Exercise instructions: Your task is to write out every line of the data exactly. Drop the pictures.

Supplied data:
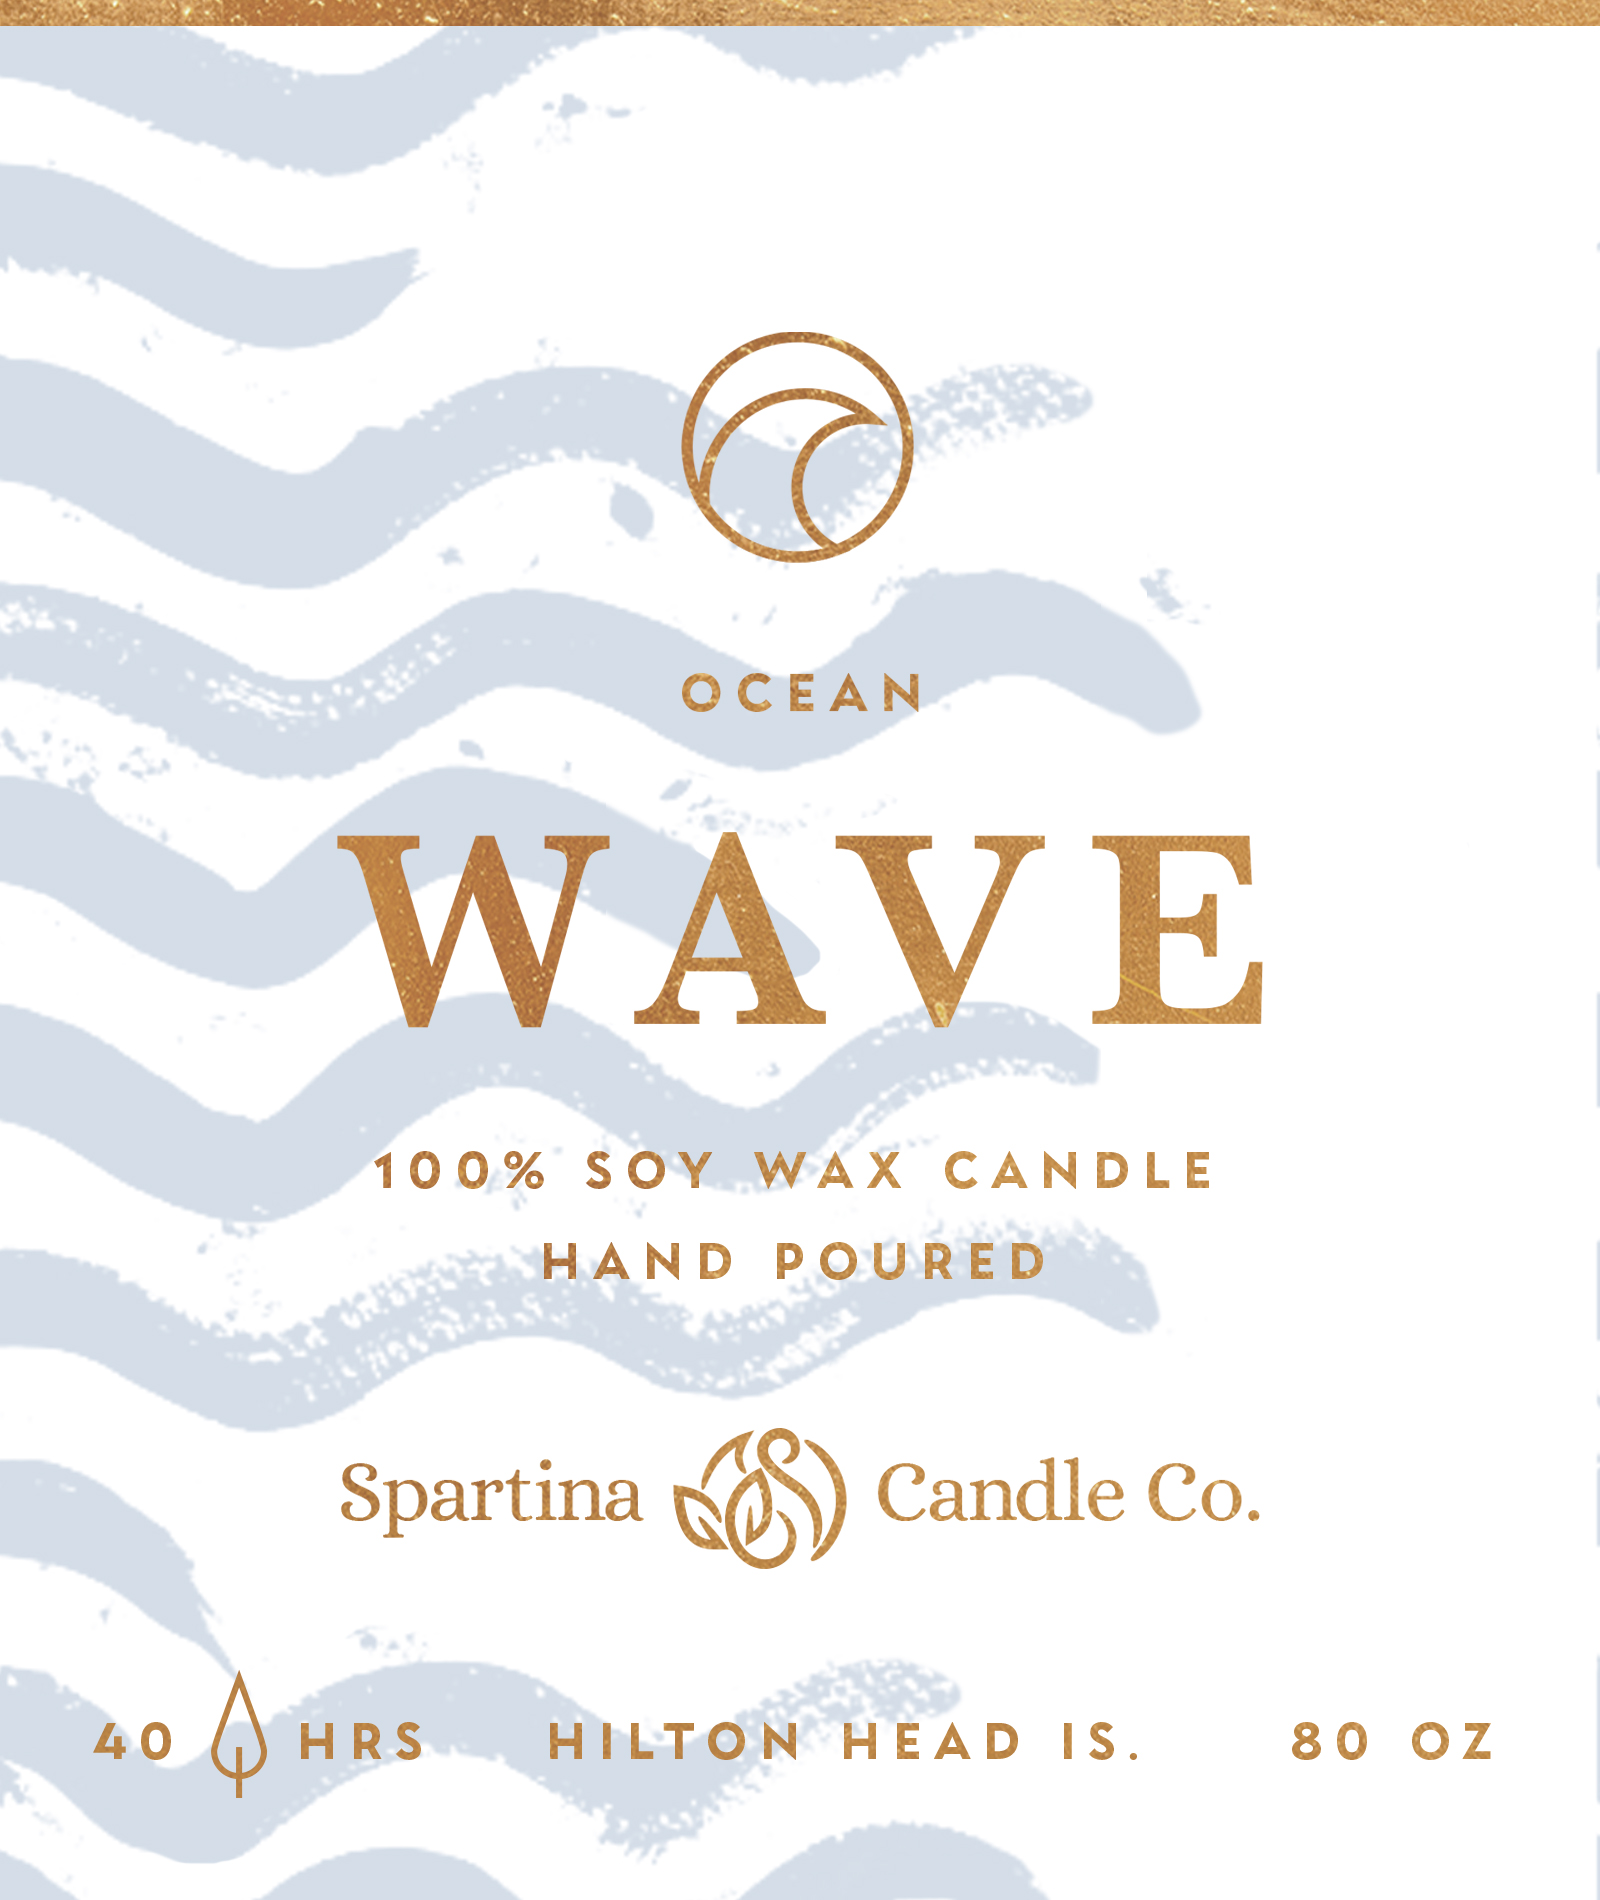 Wave Candle Box Package Design
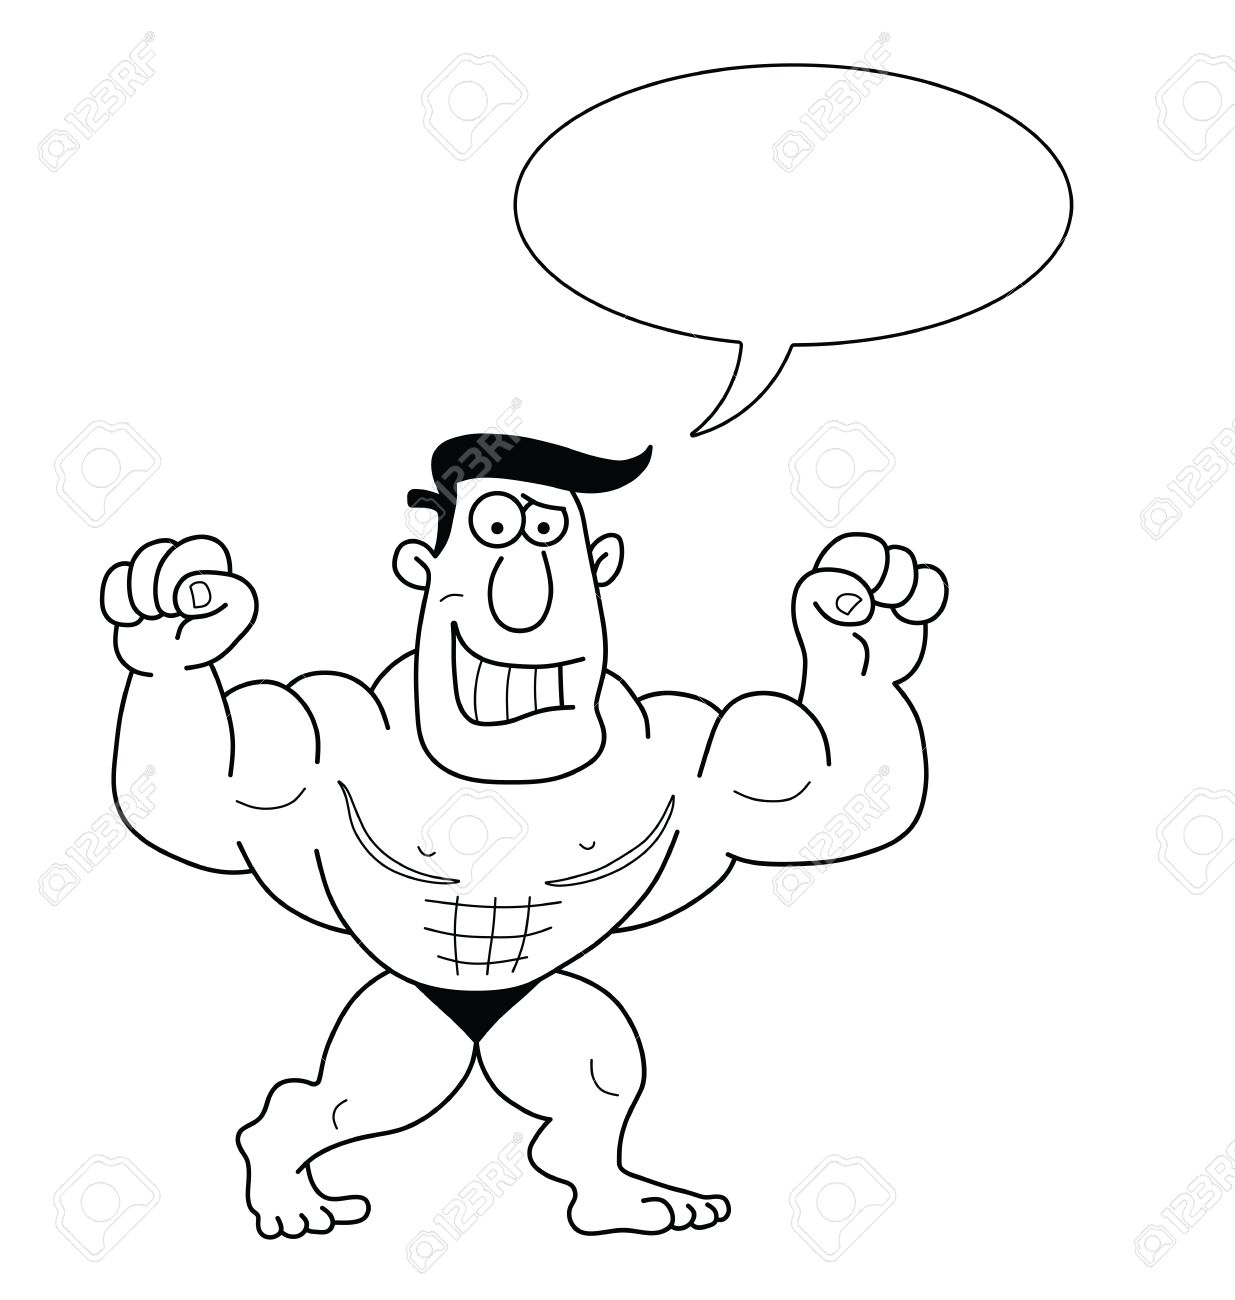 Monochrome Outline Cartoon Strongman With Speech Bubble For Own
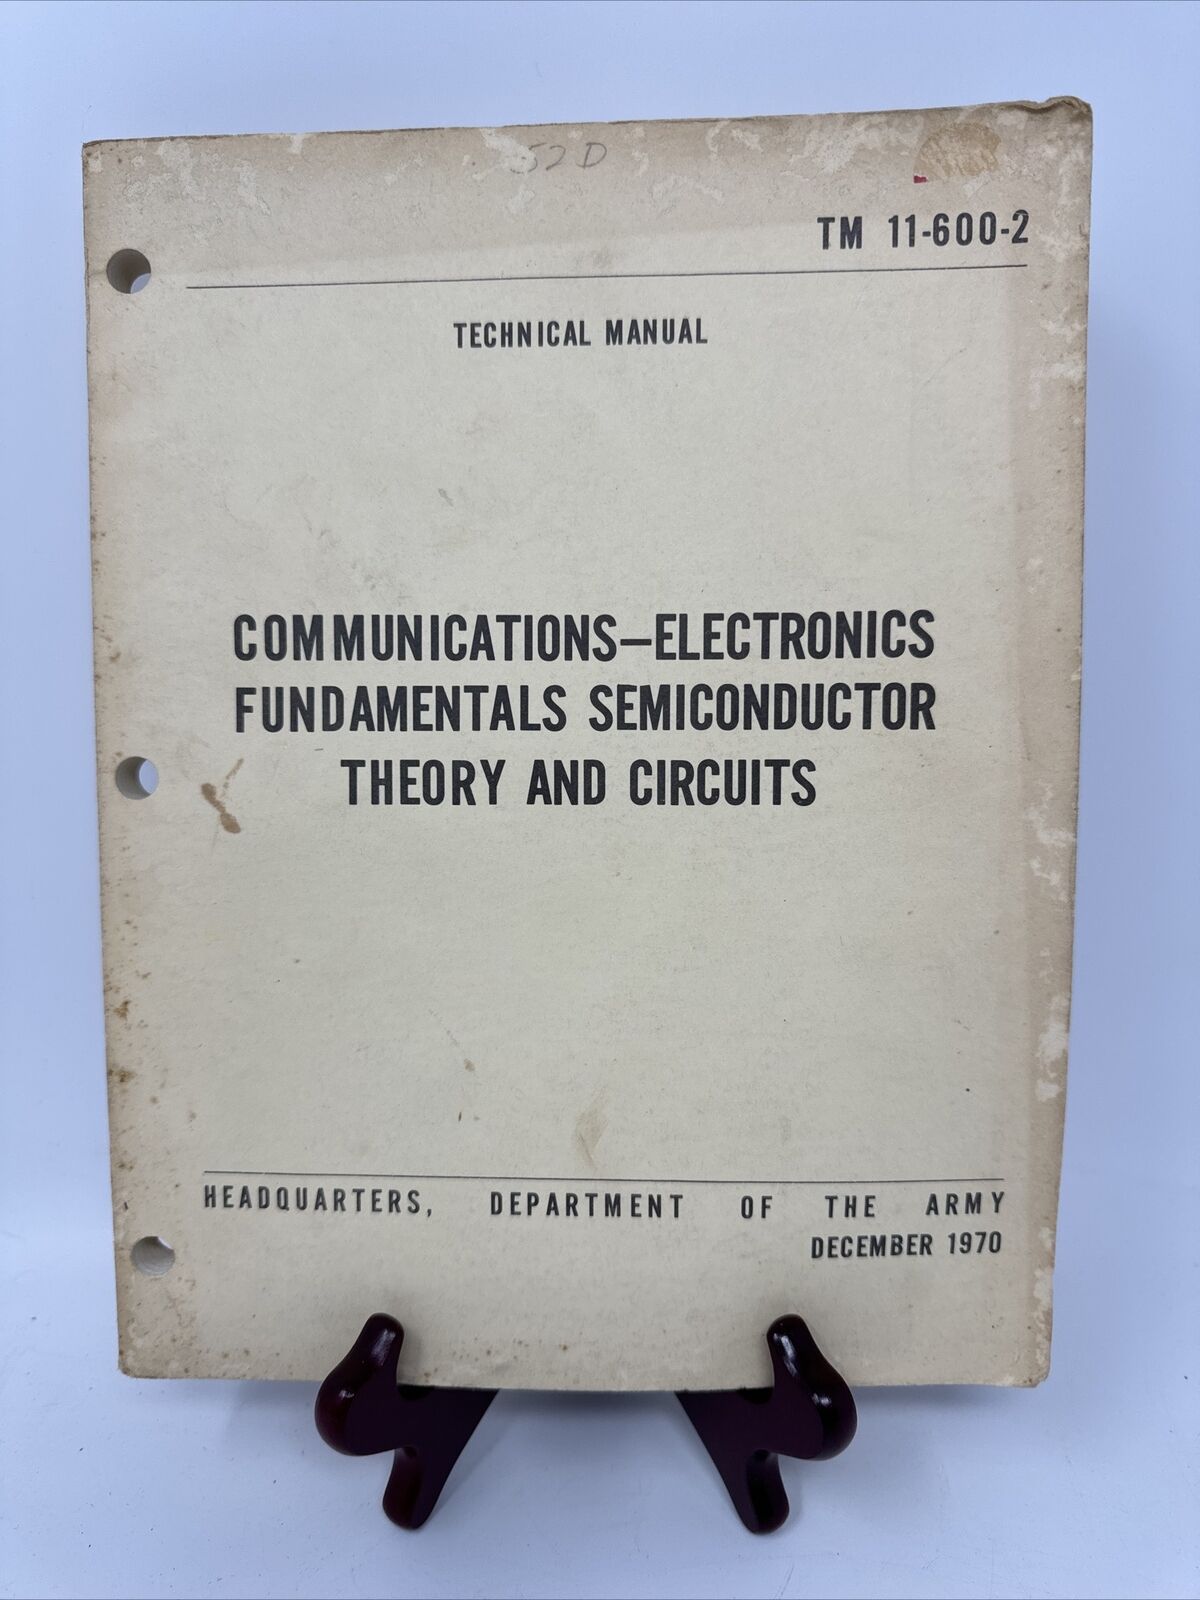 Vintage 1970 Department of the Army Communications Semiconductors TM 11-600-2

Exercise response:
 Wave Candle Box Package Design
 Monochrome Outline Cartoon Strongman With Speech Bubble For Own
 Vintage 1970 Department of the Army Communications Semiconductors TM 11-600-2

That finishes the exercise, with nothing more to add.